DATASET EXTRACT:

────

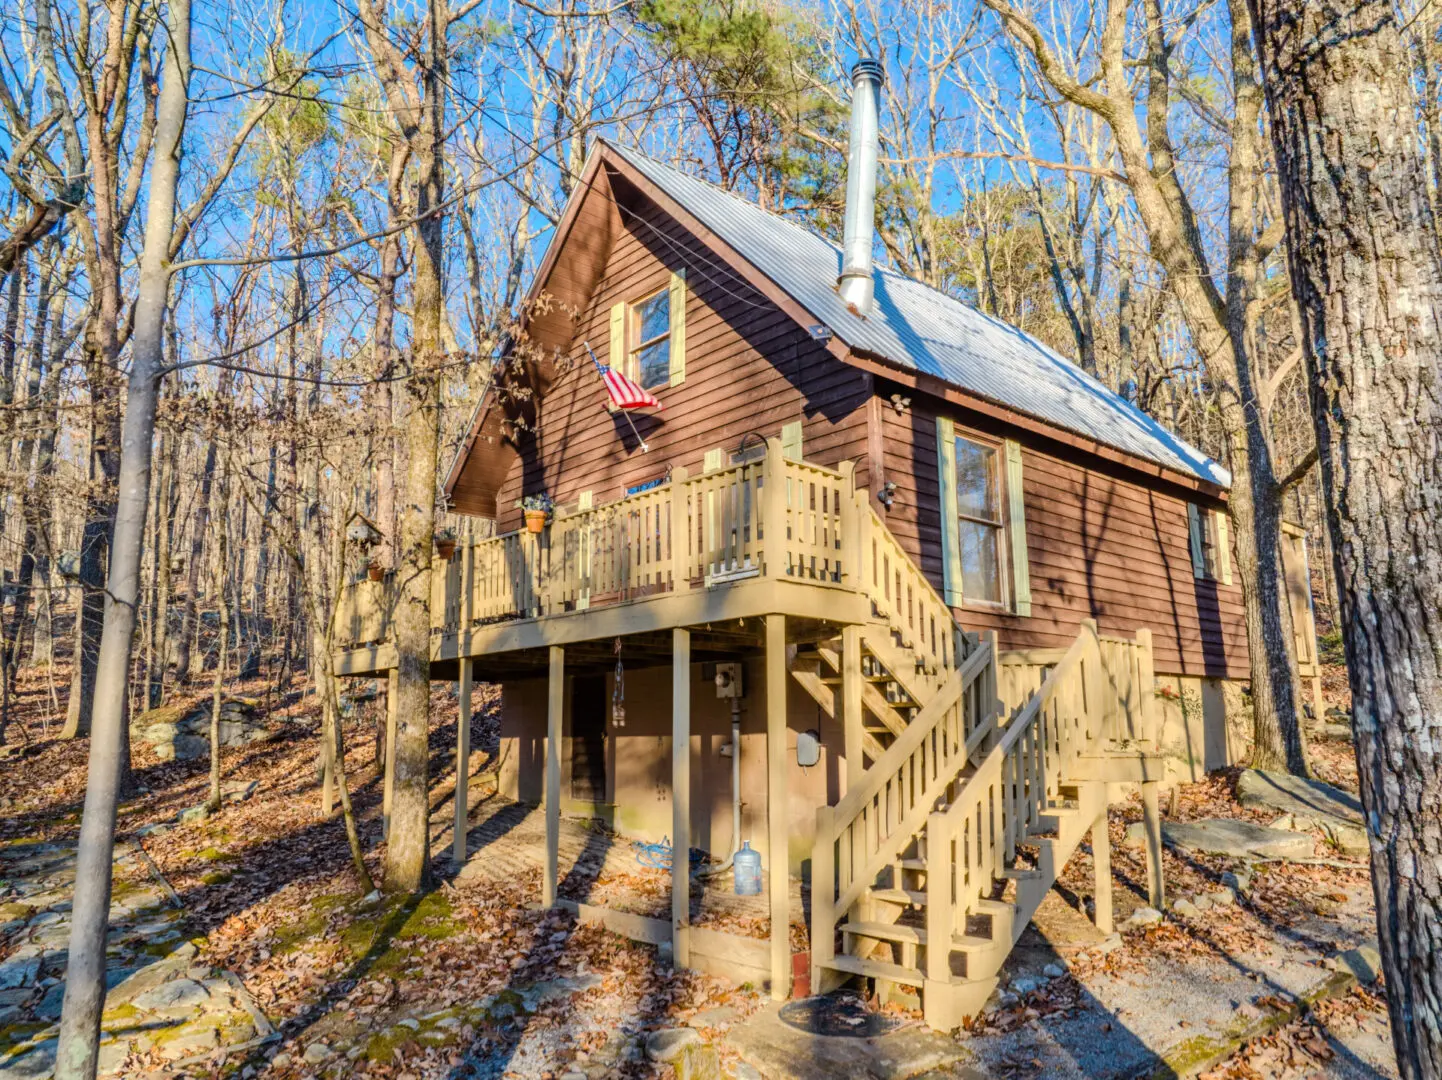 A serene vacation cabin nestled in the peaceful woods, accessible via charming stairs.
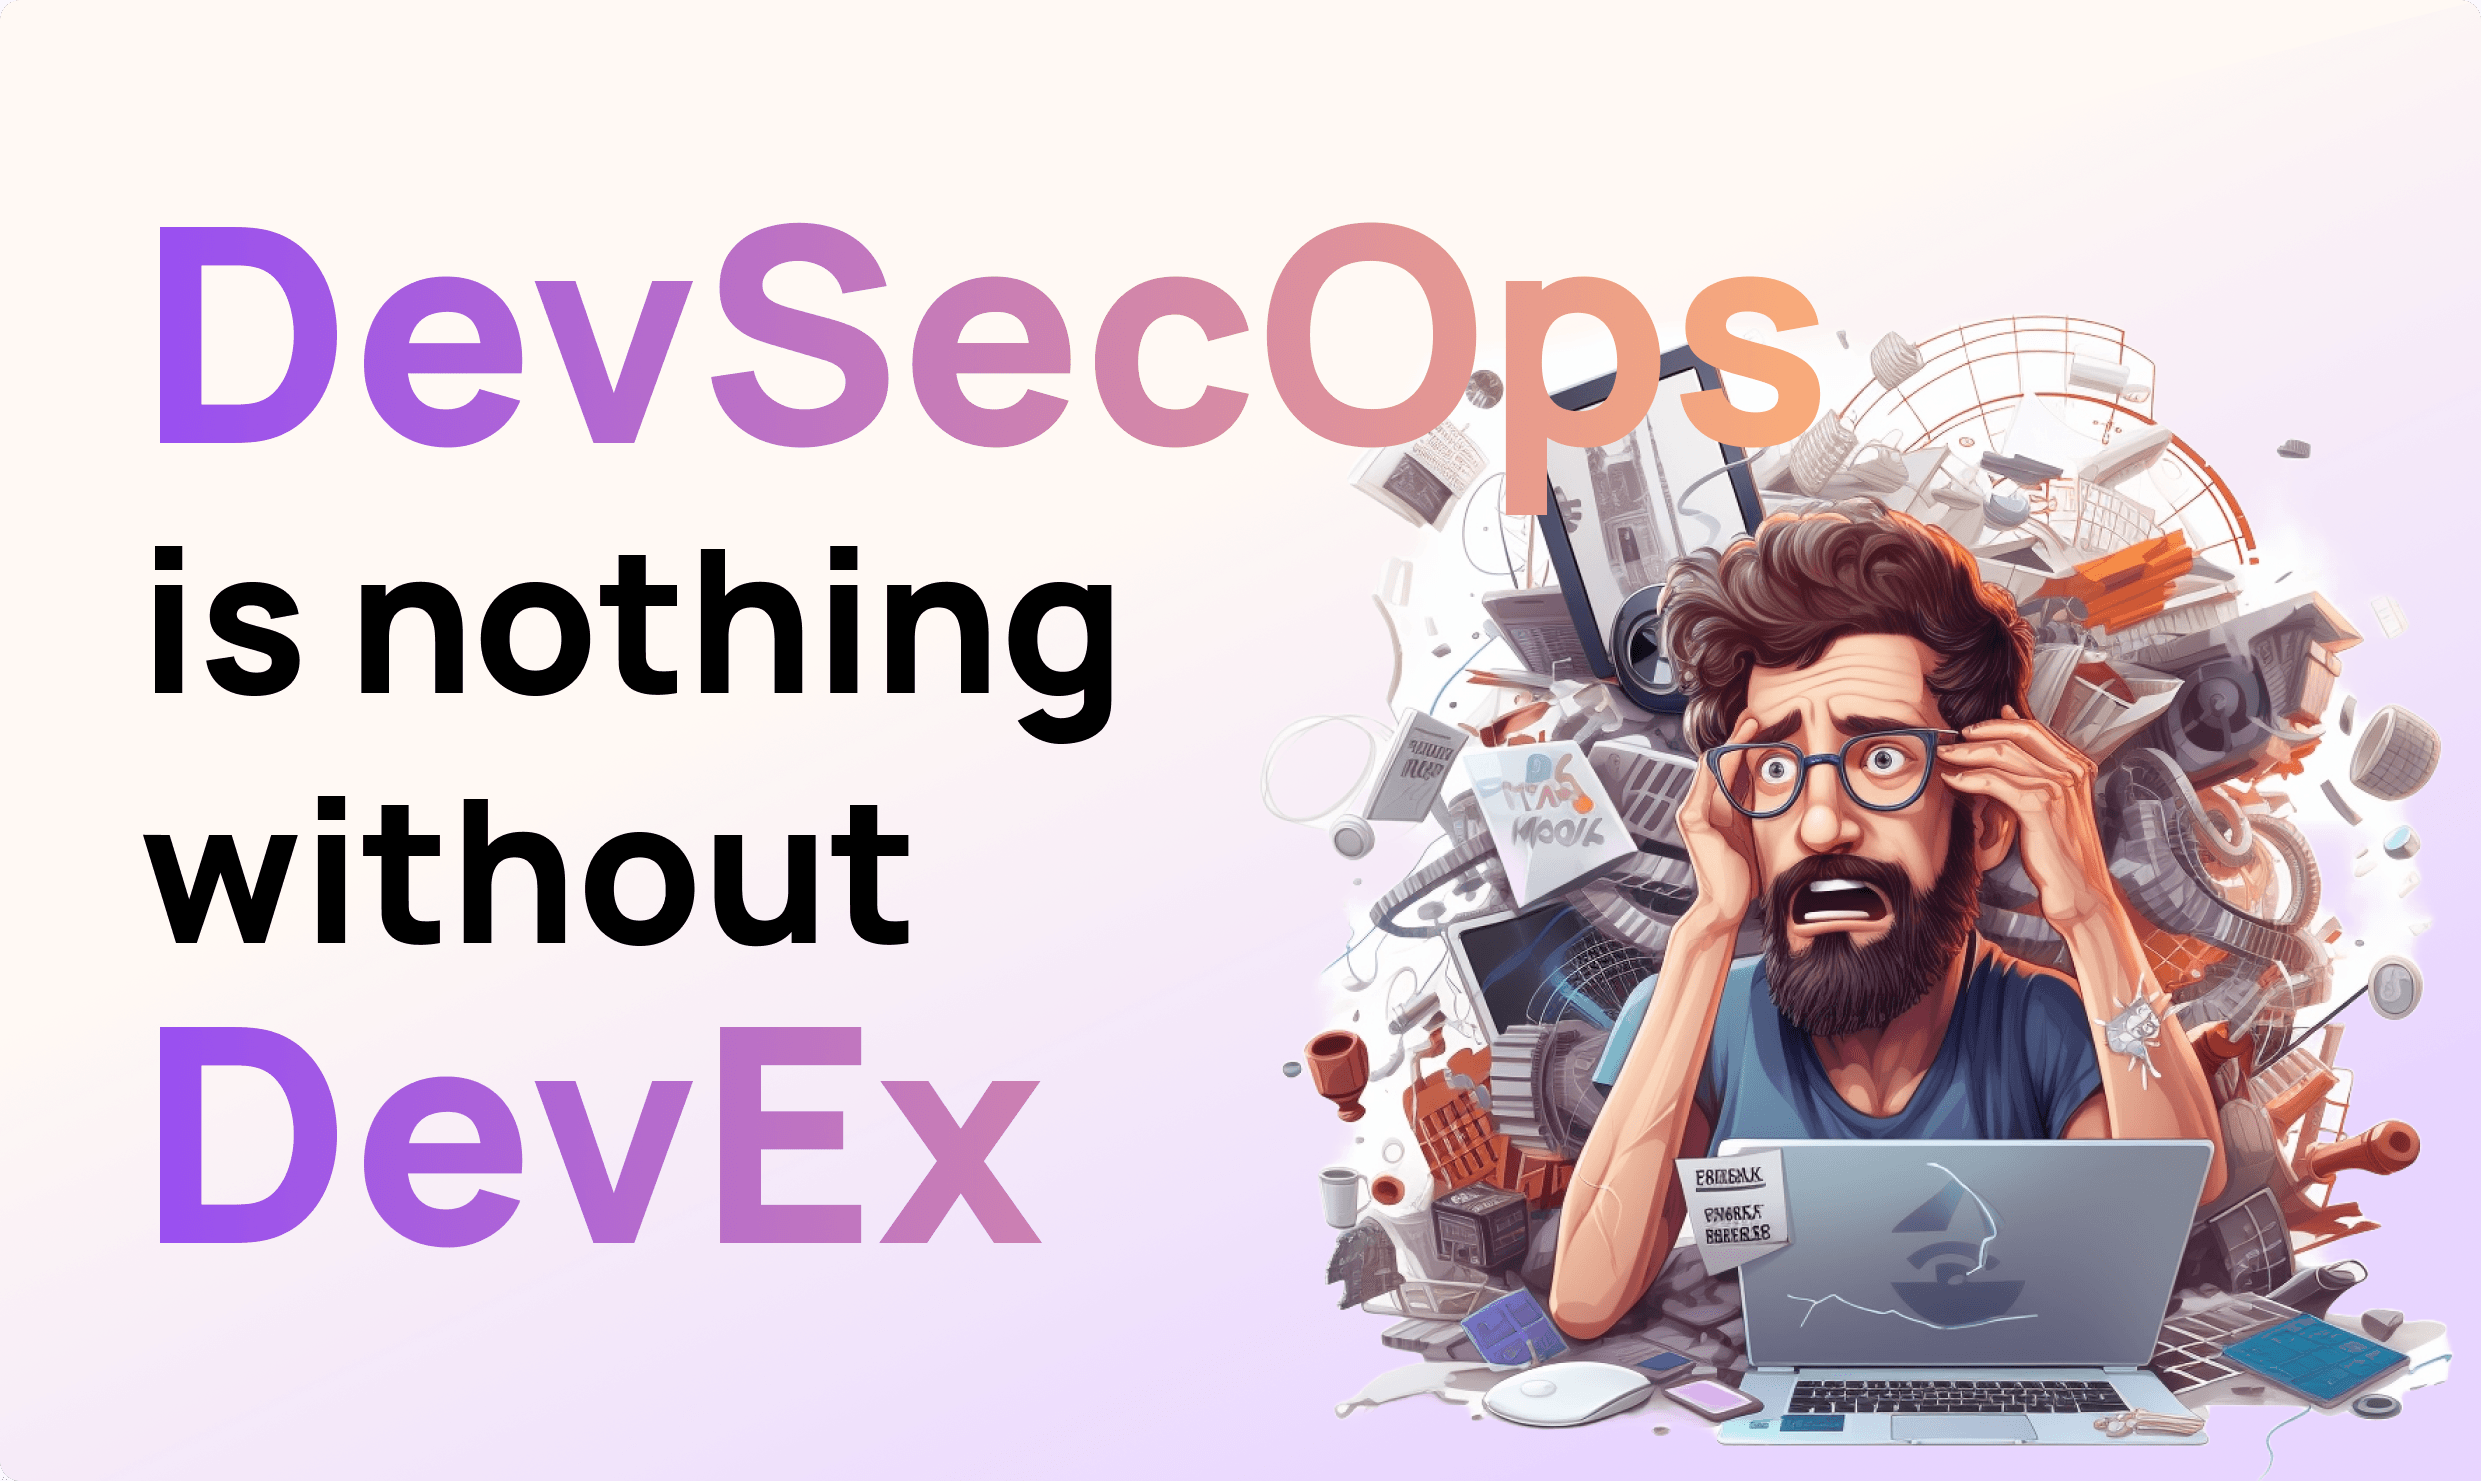 DevSecOps is nothing without DevEx
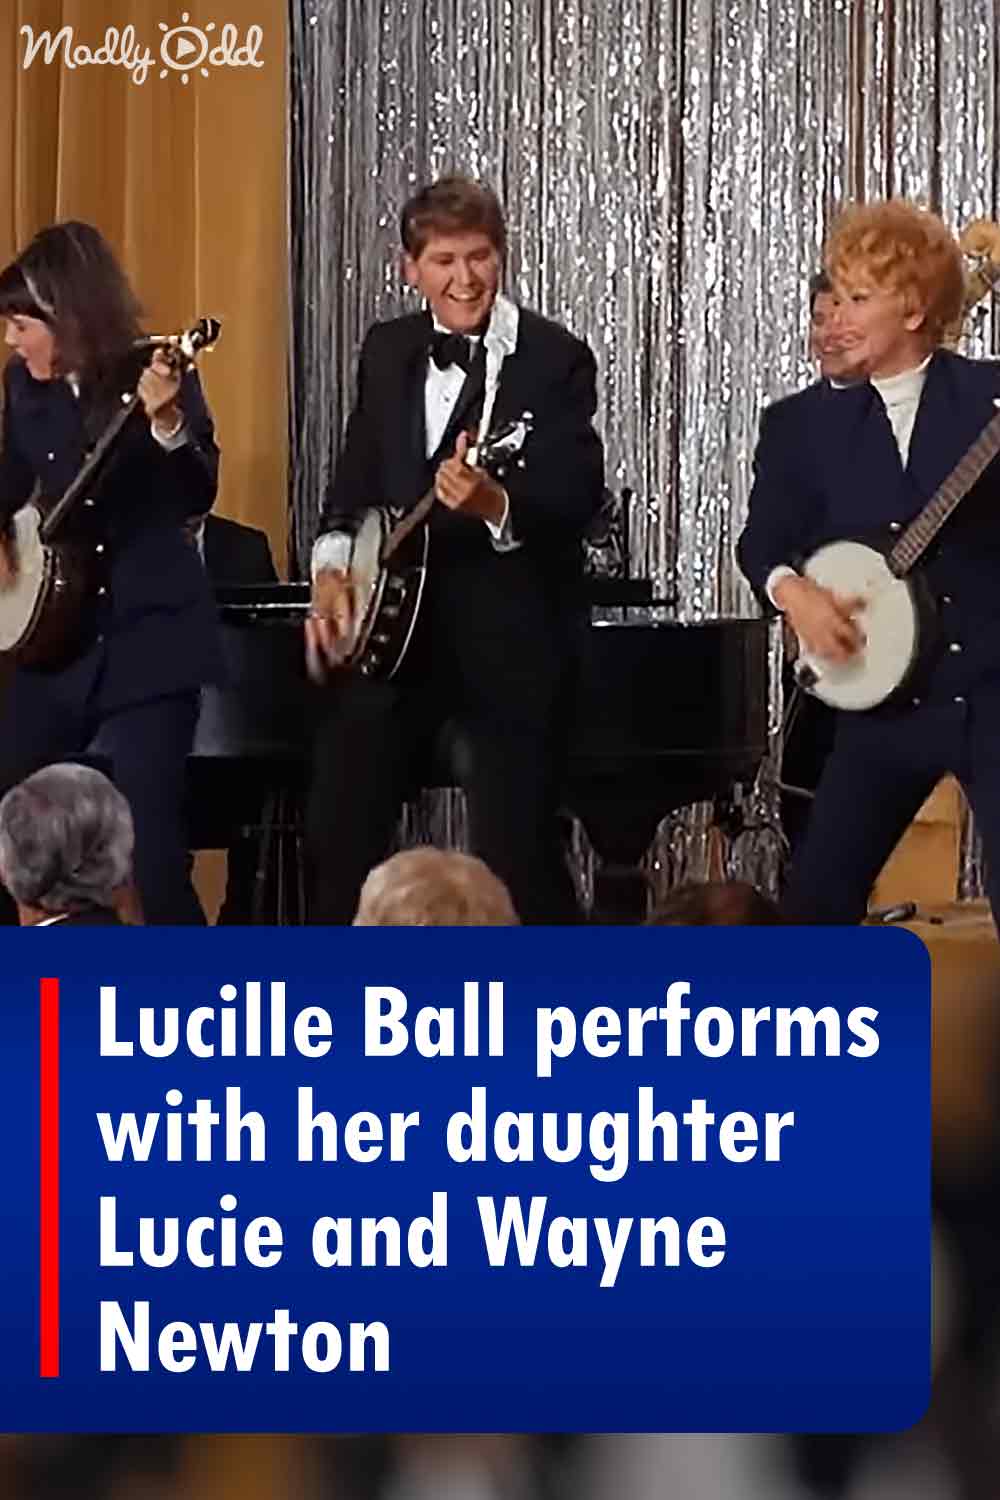 Lucille Ball performs with her daughter Lucie and Wayne Newton

────

Every line above is to be reproduced verbatim, and the pictures are to be omitted.

 A serene vacation cabin nestled in the peaceful woods, accessible via charming stairs.
 DevSecOps is nothing without DevEx
 Lucille Ball performs with her daughter Lucie and Wayne Newton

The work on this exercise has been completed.